The Creole Performance Cycle shall then absorb this complex process by displaying the unpredictable results such a creole approach and methodology bring about.
Therefore, we call on artistic excellence and high-profile institutions in Europe to collaborate in order to establish and negotiate newly shared commons, thus raising awareness in audiences and encouraging debate. In order to remain faithful to the theatrical and social perspectives of our project, we will require that artists conform to the following three directives:
- the performance should be experimental, interdisciplinary and collectively devised according to the principles of écriture-en-scène, so that the work of actors and performers becomes the foundation of artistic creation itself;
- performances should limit the use of verbal utterances as much as possible in order to avoid the imperative of English. Performances should rather stress body centrality and stage action;
- the performance should propose innovative forms of audience engagement.
However, this remains, in all of its features, a project revolving around the notion of Performing Heritage. Indeed, this Project promotes interactive and experimental performances. We will allow performers to interrogate the processes of creolisation and the development of new commons together with spectators as co-makers of the theatrical event. Theatre and performance as practice-as-research allow us to apply, develop and play with these notions in a meaningful and rigorous way.
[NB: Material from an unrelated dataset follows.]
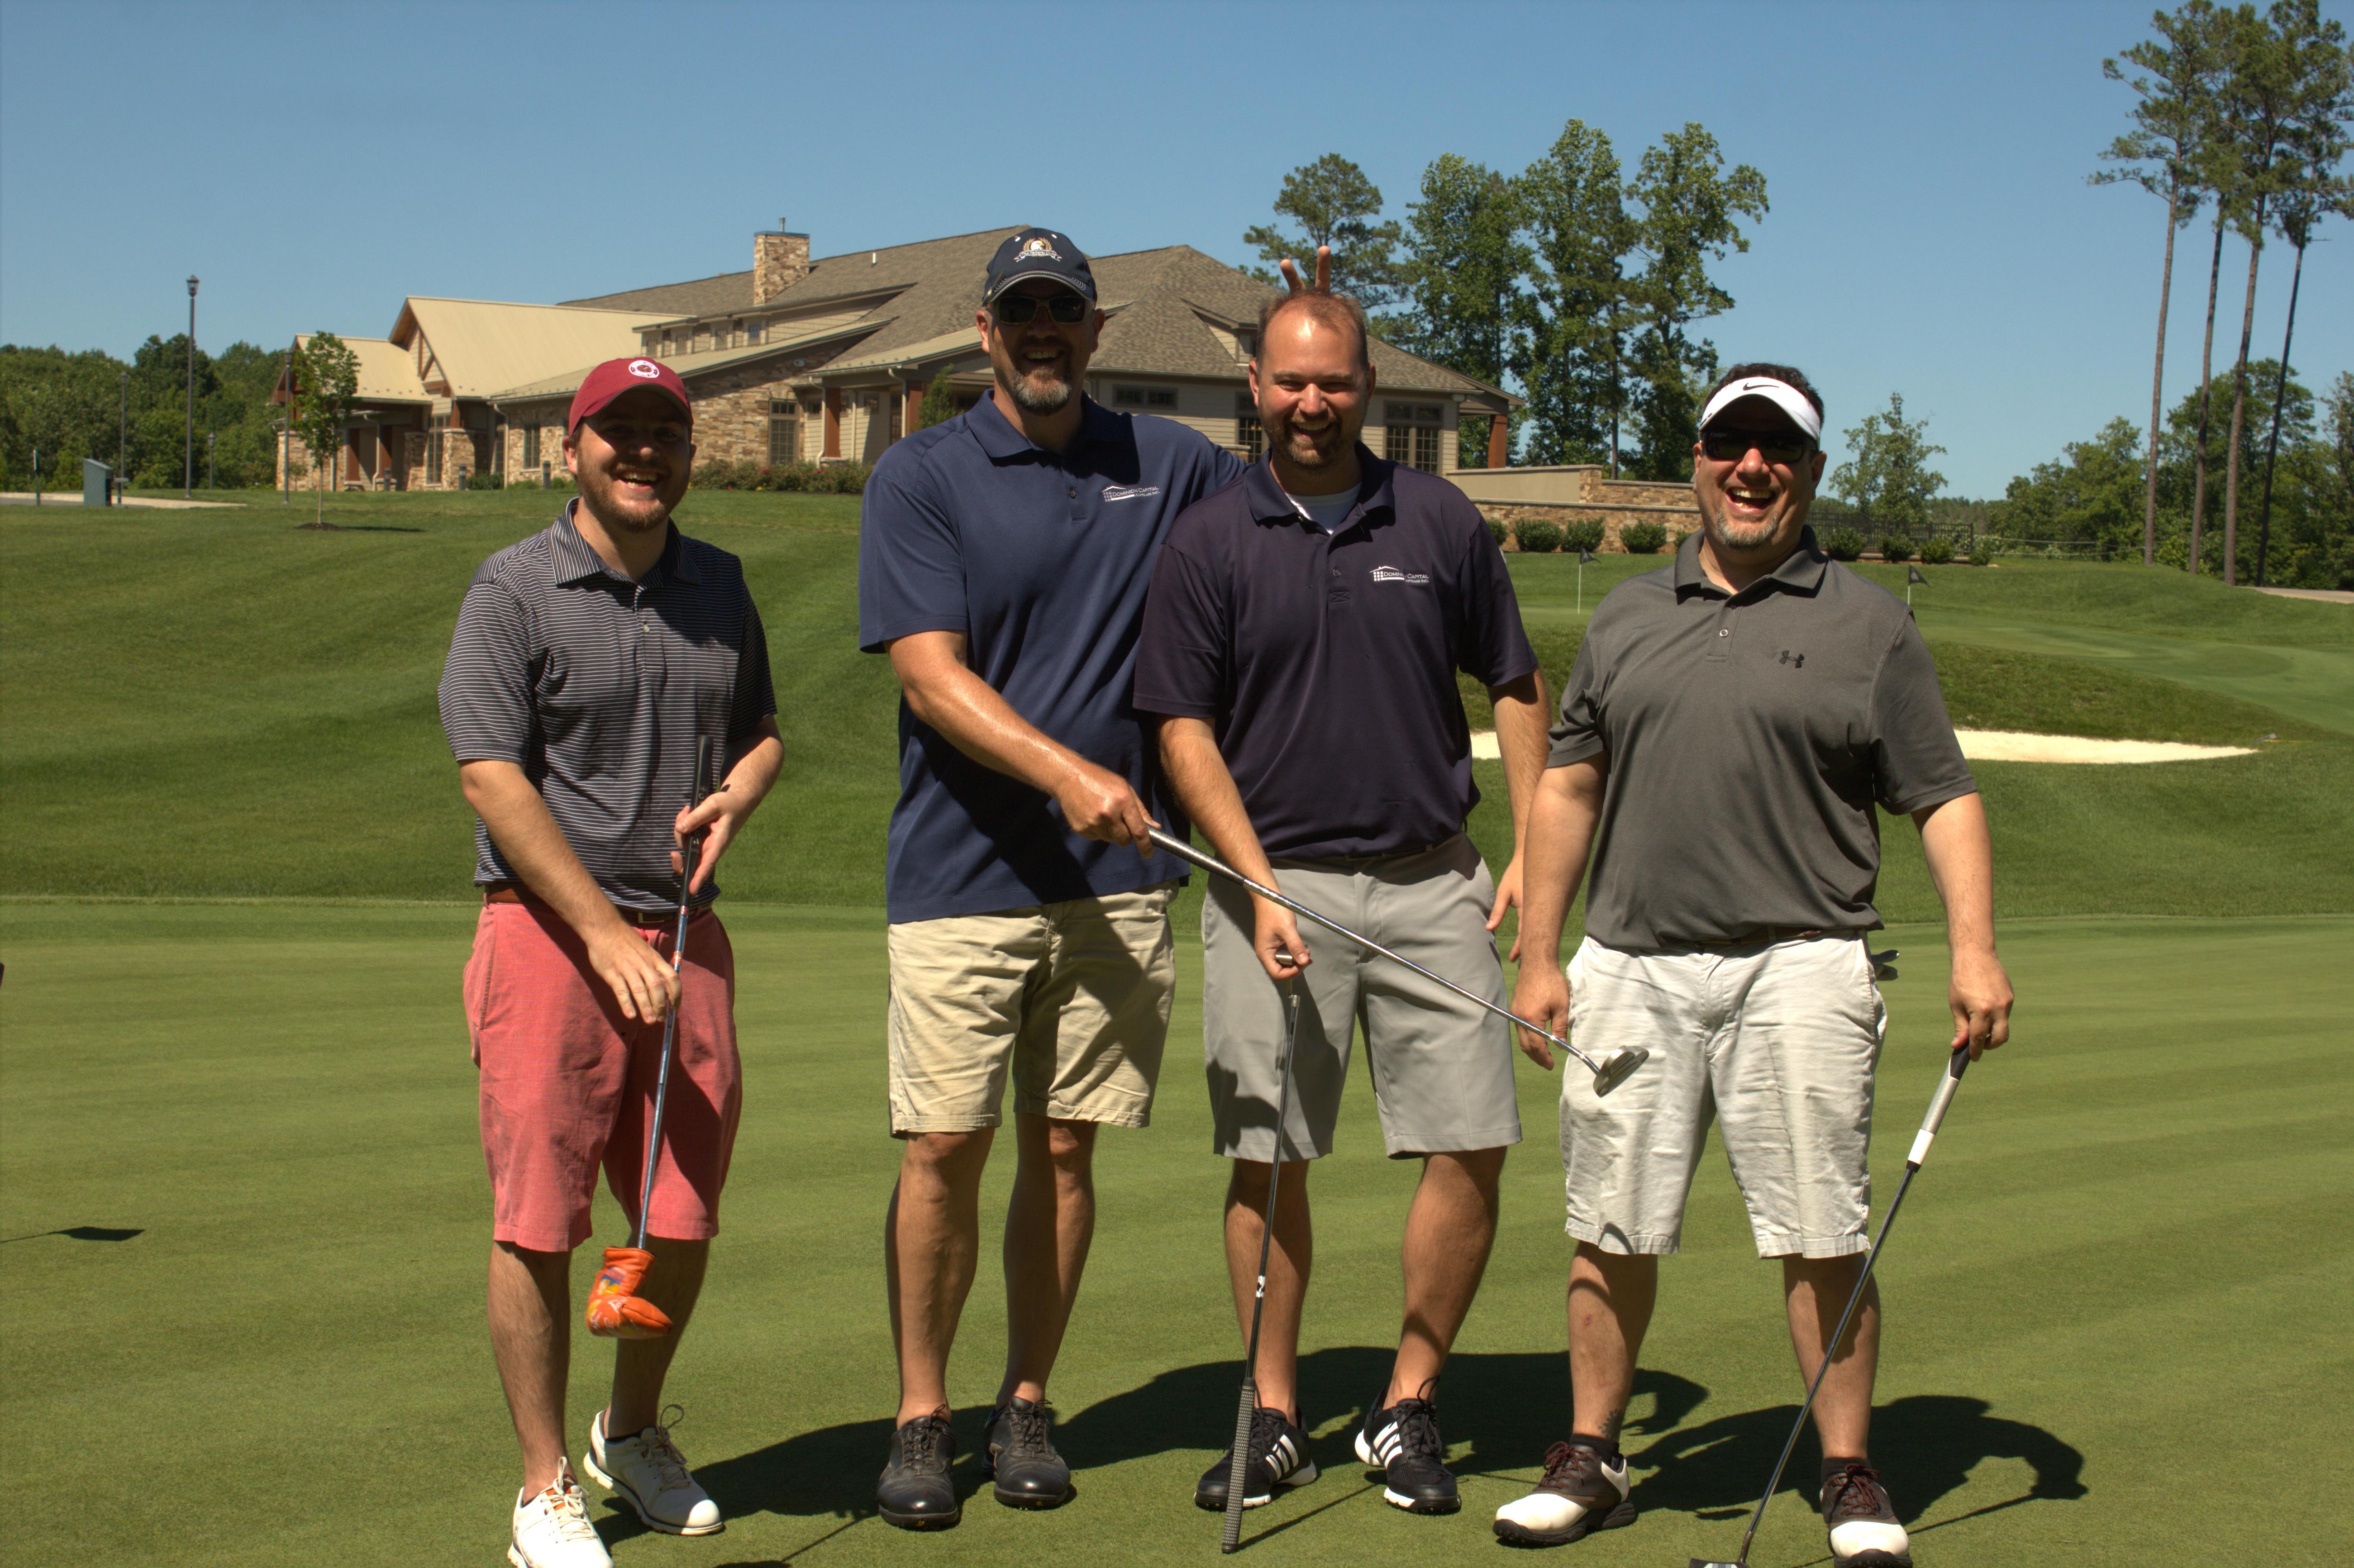 WRBA Golf Tournament Putting Contest 2019 Team-14-02.jpg

In our project, artistic outputs and scholarly enquiry are far from being merely juxtaposed. We believe that aesthetic experience through theatricality enjoys full epistemic value and is able to convey meanings at their fullest extent. Theatre always performs intangible heritage, keeps alive a shared memory, confirms or reshapes traditional knowledge. People collected around the stage share the same competence in that very moment. As interpreters of the performance, spectators are engaged together with the performers in the joint complex work of both cultural production and identity setting around cultural intangible assets. Thus, in this project the combination of theatrical practice and academic counselling should support young artists in the process of exploring, sharing and performing cultural heritage, in order to establish creolised intangible commons.
The artistic fieldwork is designed as a further chance for letting directors and actors meet up again after the previous workshop. Directors will travel abroad to their respective hosting institutions. Directors are then asked to spend some time in the place where they decided to go. During this time, he/she will discover the territory, meet locals and carry out research for their production. The aim is to get inspiration and a deeper understanding of the social and political context in which he/she will be called to operate, as well as to select a venue that may fruitfully host the future performance. The directors are also invited to meet colleagues in the hosting Drama Academy in order to exchange ideas on the social role of theatre in that specific locality and its relationship to the main project topics. So, each director makes an artistic preparatory fieldwork by sharing ethnographic methodologies with the researchers.
On their side, researchers from Siena and Canterbury will side directors in the observation of the local social and cultural environment, trying to raise points relevant to the project as well as on which aspects the artistic creation could focus. They will also make interviews and try to individuate and engage the potential local audience. However, as a general rule, researchers do not directly interfere with the process of artistic creation.
Artistic preparatory fieldworks will follow one another in order to let researchers attend all visiting periods of selected directors in their hosting territories.
Creative Creole Residencies are practical artistic workshops aiming at the production of public theatrical performances. They are devised and performed in the participant Drama Academies through 14-day productive/training residencies with local actors. Directors work with their hosting drama institution abroad (with the supervision of local teachers) in order to test their artistic projects on the ground and set the conditions for the play of identities.
During the creative residencies, academic researchers will observe the process of artistic creation and help artists in fulfilling the performance with any kind of contribution (discussions, information, and so forth). Researchers, who in turn are called to creolise their approaches and methodologies from performance studies and social sciences, will analyse each performance and its multilevel effectiveness through the perspective of different disciplines. The aim is to evaluate through a comparative study the impact of theatrical practices and performances on the construction of new cultural forms of European belonging and citizenship.
Beside giving reflectiveness to the artistic process, researchers’ overall task consists of the observation and analysis of the devising processes, the Creative Creole Residencies and the Creole Performance Cycle (see Action 5). A scientific publication will gather the outputs produced by the academic team.
The creolisation process emerges out of the interaction between different artistic traditions, represented by the directors on one side, and the local artists and supervisors on the other. The result of this professional interaction, as well as director’s original idea, will be strongly influenced by the social and cultural settings where performance takes place. Thereby, also the local context will finally play a role on the stage, before the audience’s eye.
The technical team on the stage – either a formal or informal venue, also according to the aims of each director’s artistic project – will be recruited locally. Through the creolisation of existing and traditional techniques and approaches to theatre, under the responsibility of the director, the artists will design a performance highlighting the processes of construction of a common cultural heritage, which should be meaningful at a local and/or European level. The feedback from the targeted potential local audience is to be registered in order to improve the future strategies of audience development as well as to produce further materials for the evaluation of the project (group and one-to-one interviews, questionnaires, multimedia documents, proposals, comments and so on). Audience responses are also to be gathered and disseminated through the crowd-sourcing platform, which remains operative throughout the project activities.